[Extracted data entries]
━━━

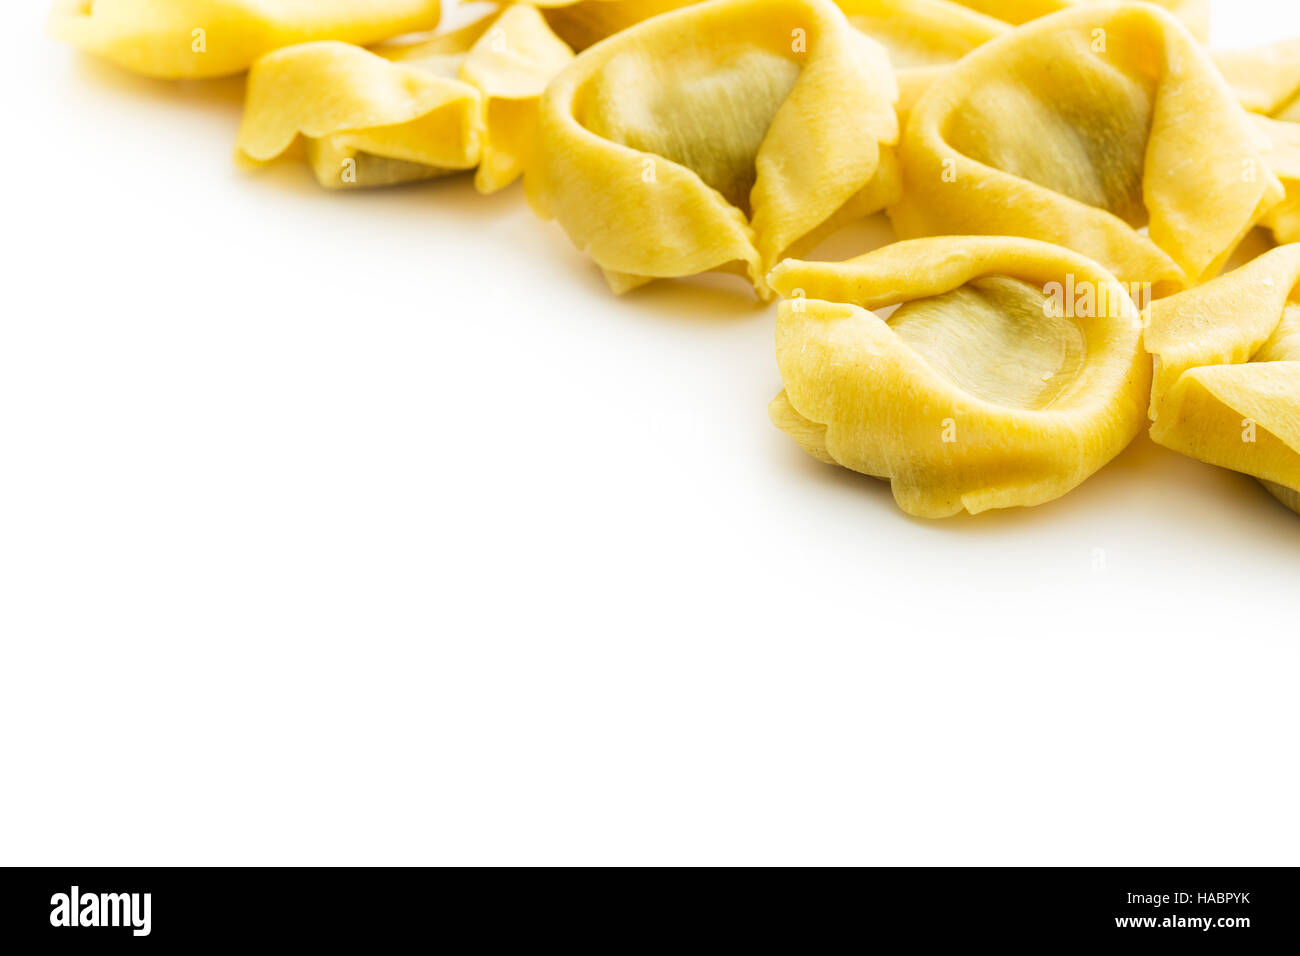 https://c8.alamy.com/comp/HABPYK/italian-traditional-tortellini-pasta-isolated-on-white-background-HABPYK.jpg
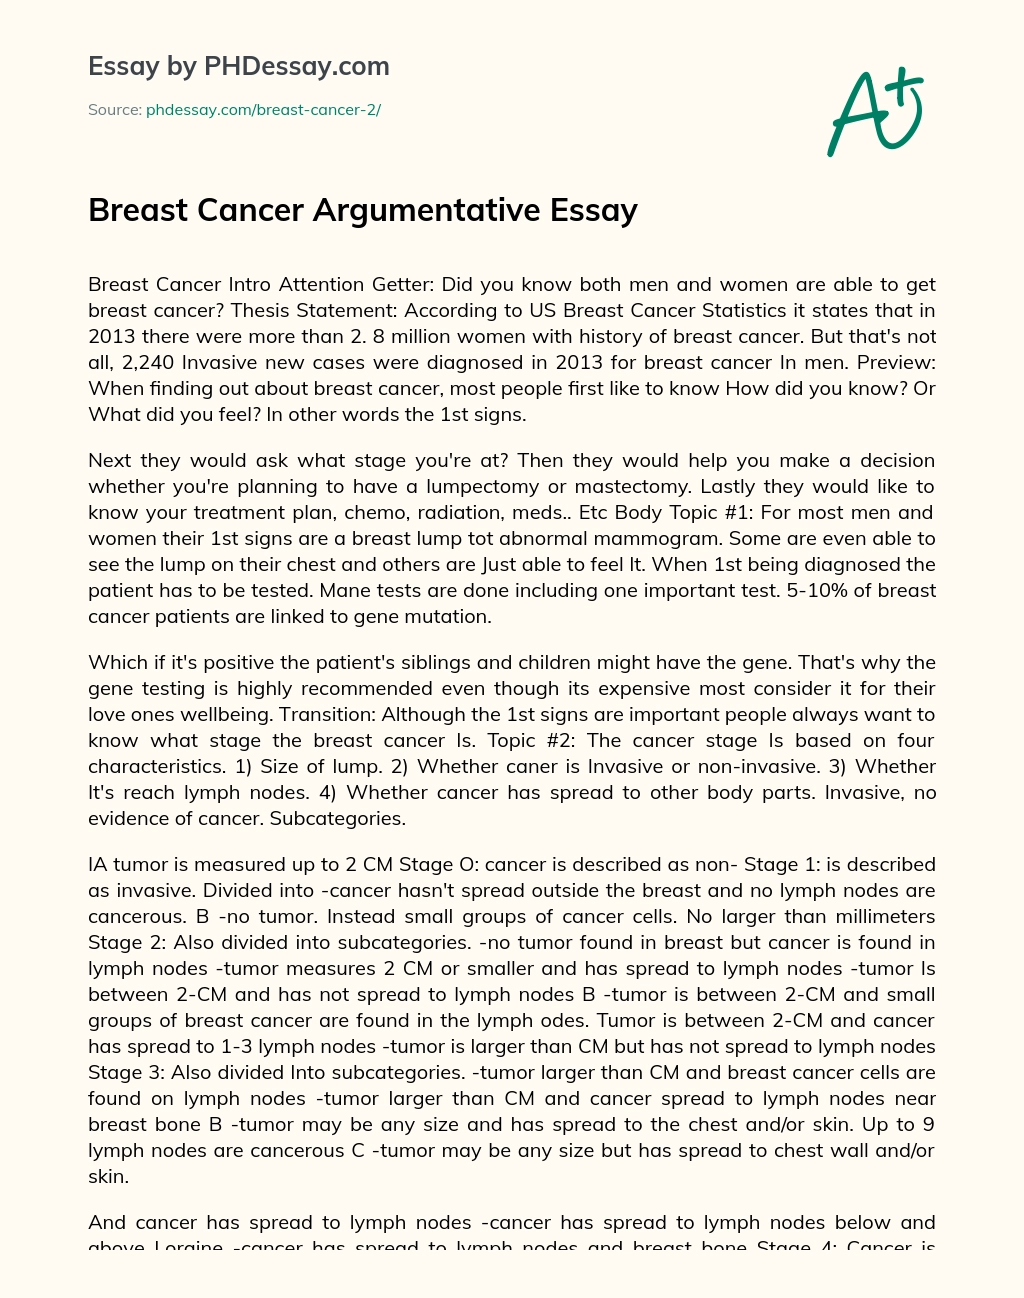 Breast Cancer Argumentative Essay essay
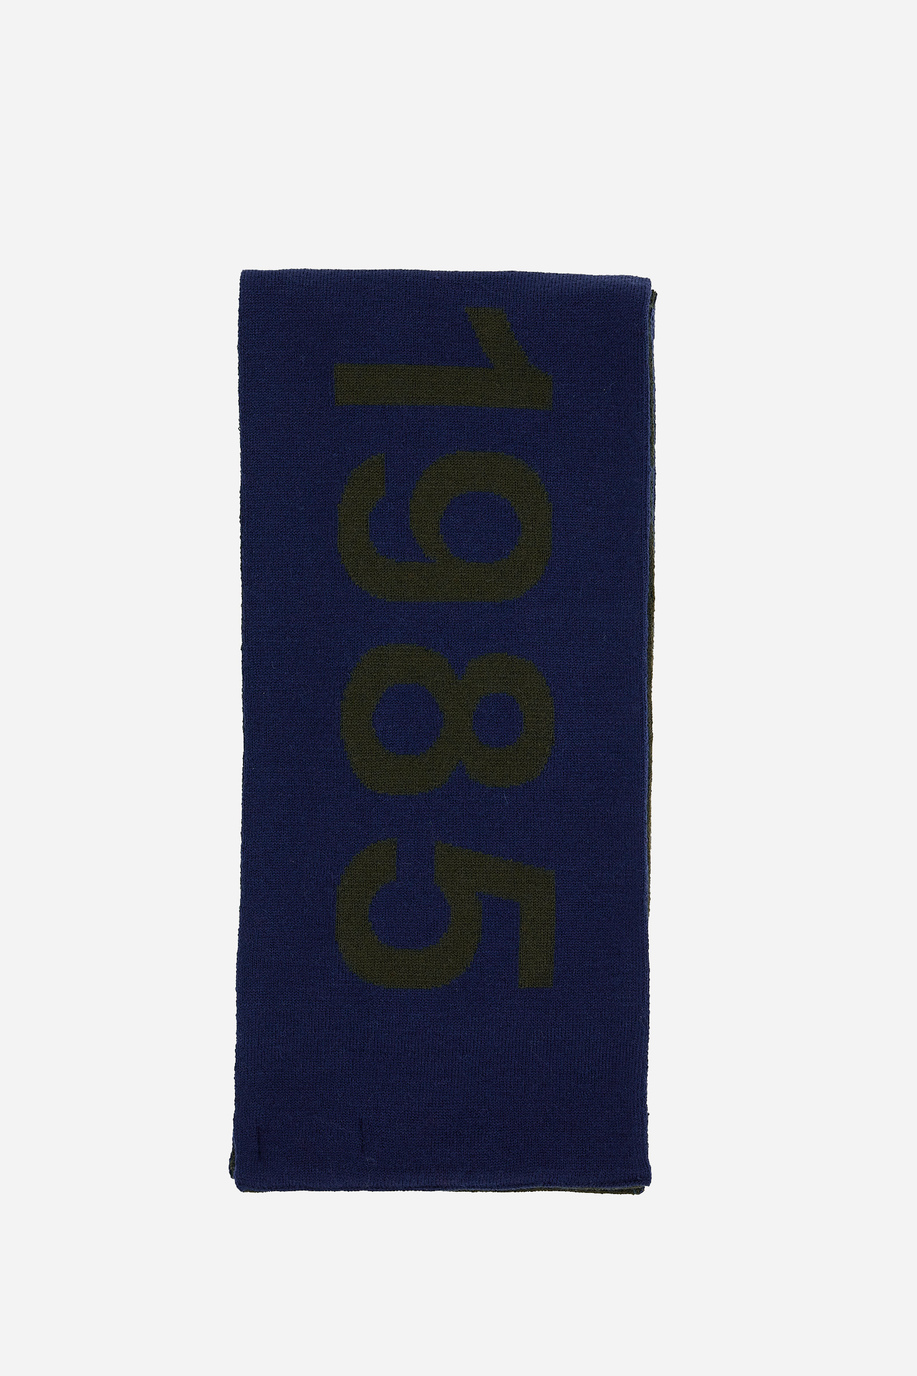 Unisex multicolor scarf - Wardlea - Gifts under $75 for him | La Martina - Official Online Shop
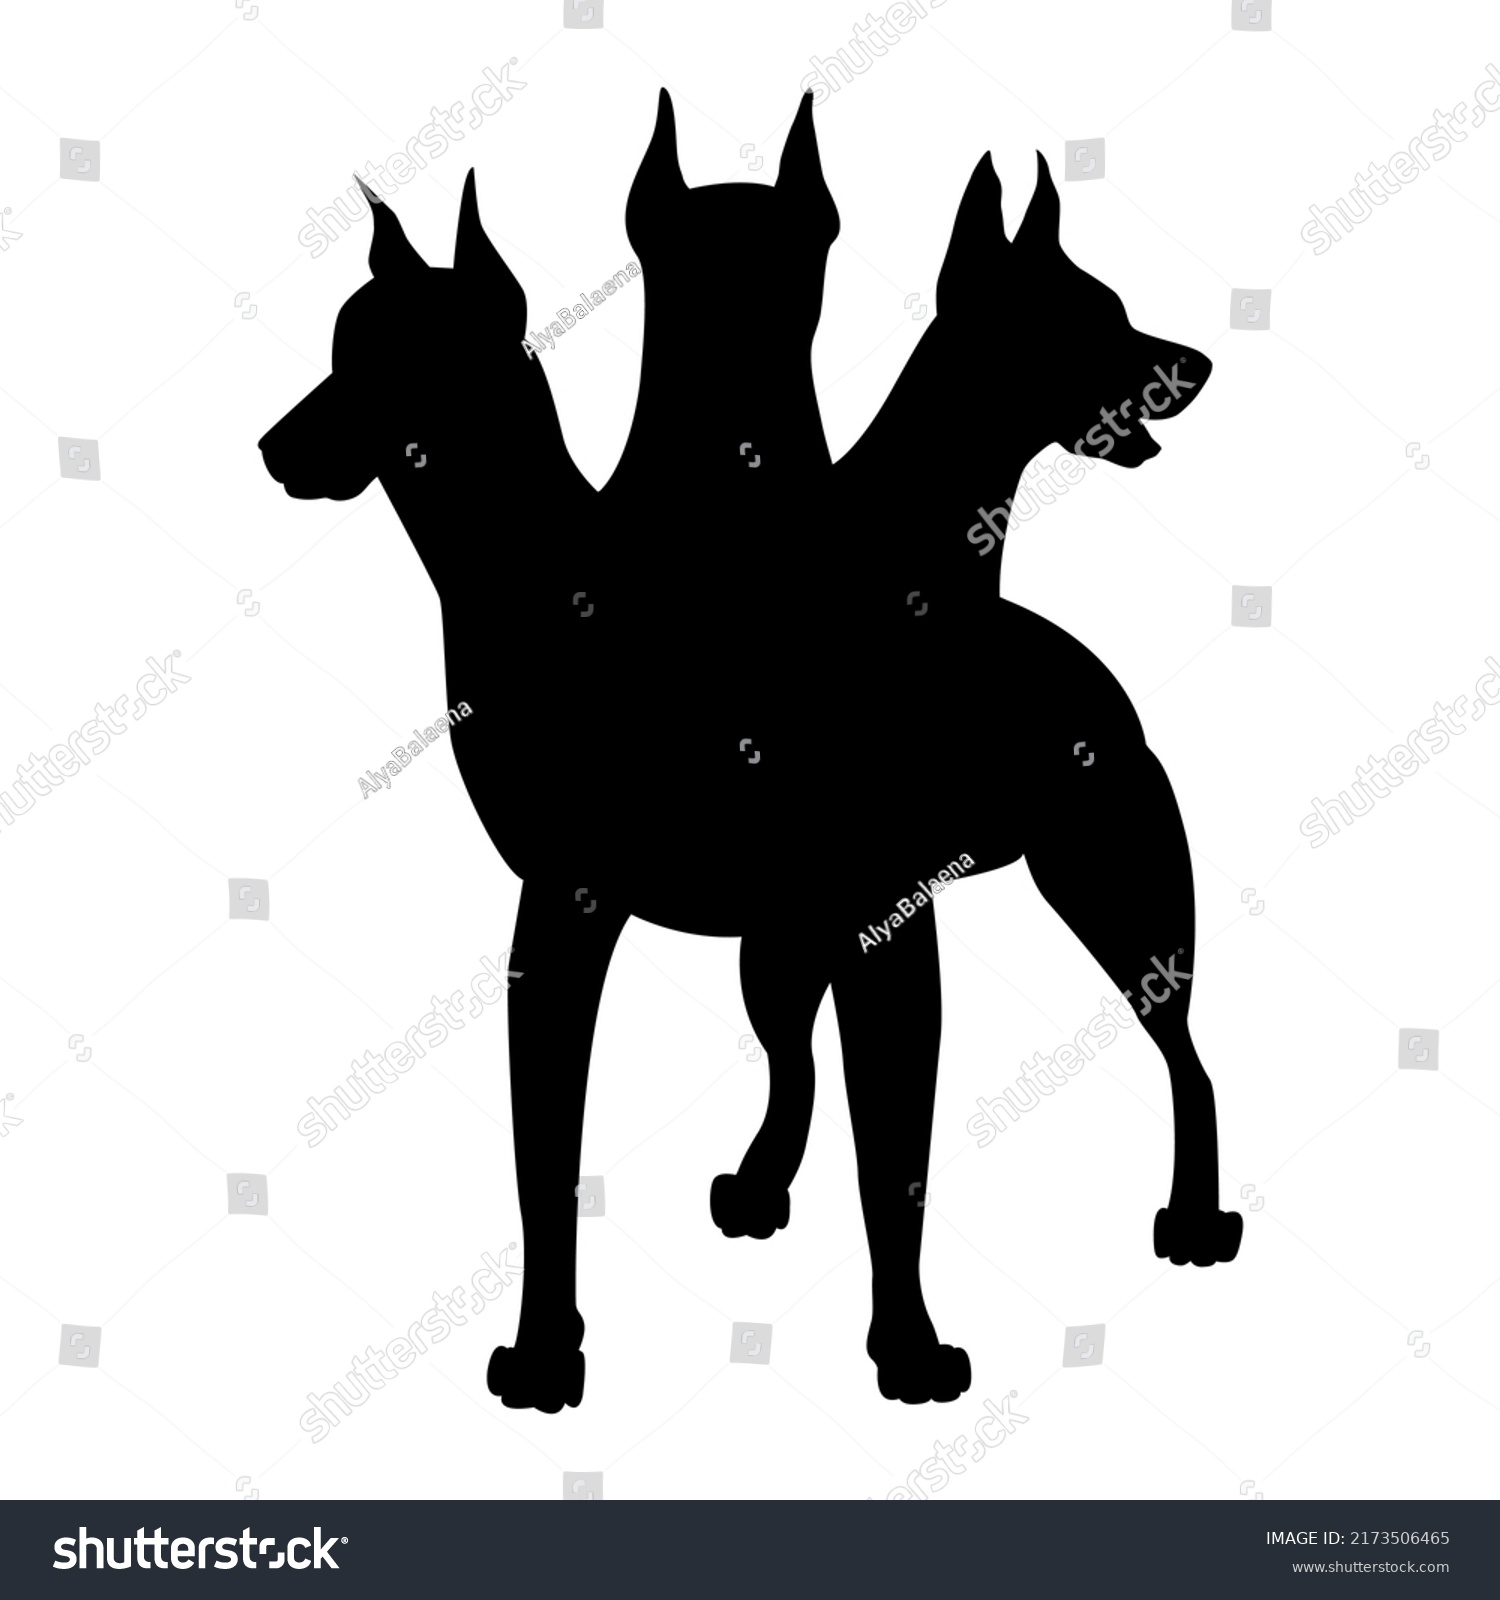 SVG of Multi headed dog cerberus illustration. Silhouette illustration. Kerberos authentication logo. Mythological creature. svg
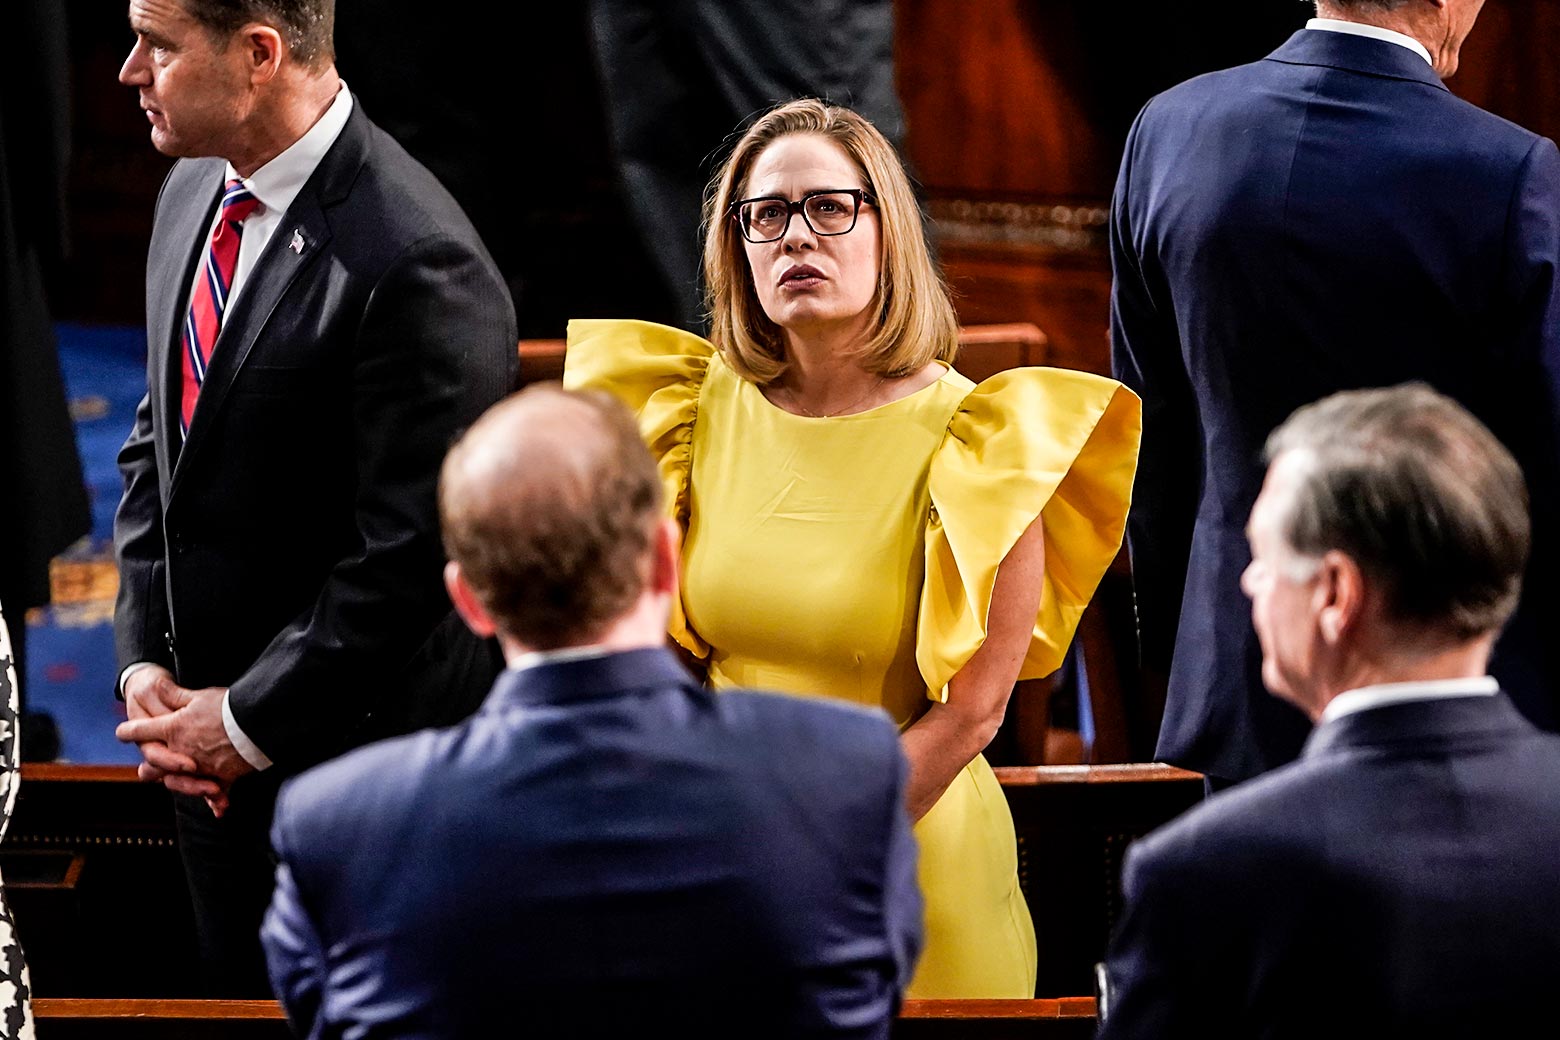 A woman in a loud, yellow dress.

━━━

Word for word, restate the lines from the one containing "Breast Cancer Argumentative Essay essay" through the end of the entries. Do not include pictures.

 Breast Cancer Argumentative Essay essay
 Unisex multicolor scarf - Wardlea - Gifts under $75 for him | La Martina - Official Online Shop
 SVG of Multi headed dog cerberus illustration. Silhouette illustration. Kerberos authentication logo. Mythological creature. svg
 A woman in a loud, yellow dress.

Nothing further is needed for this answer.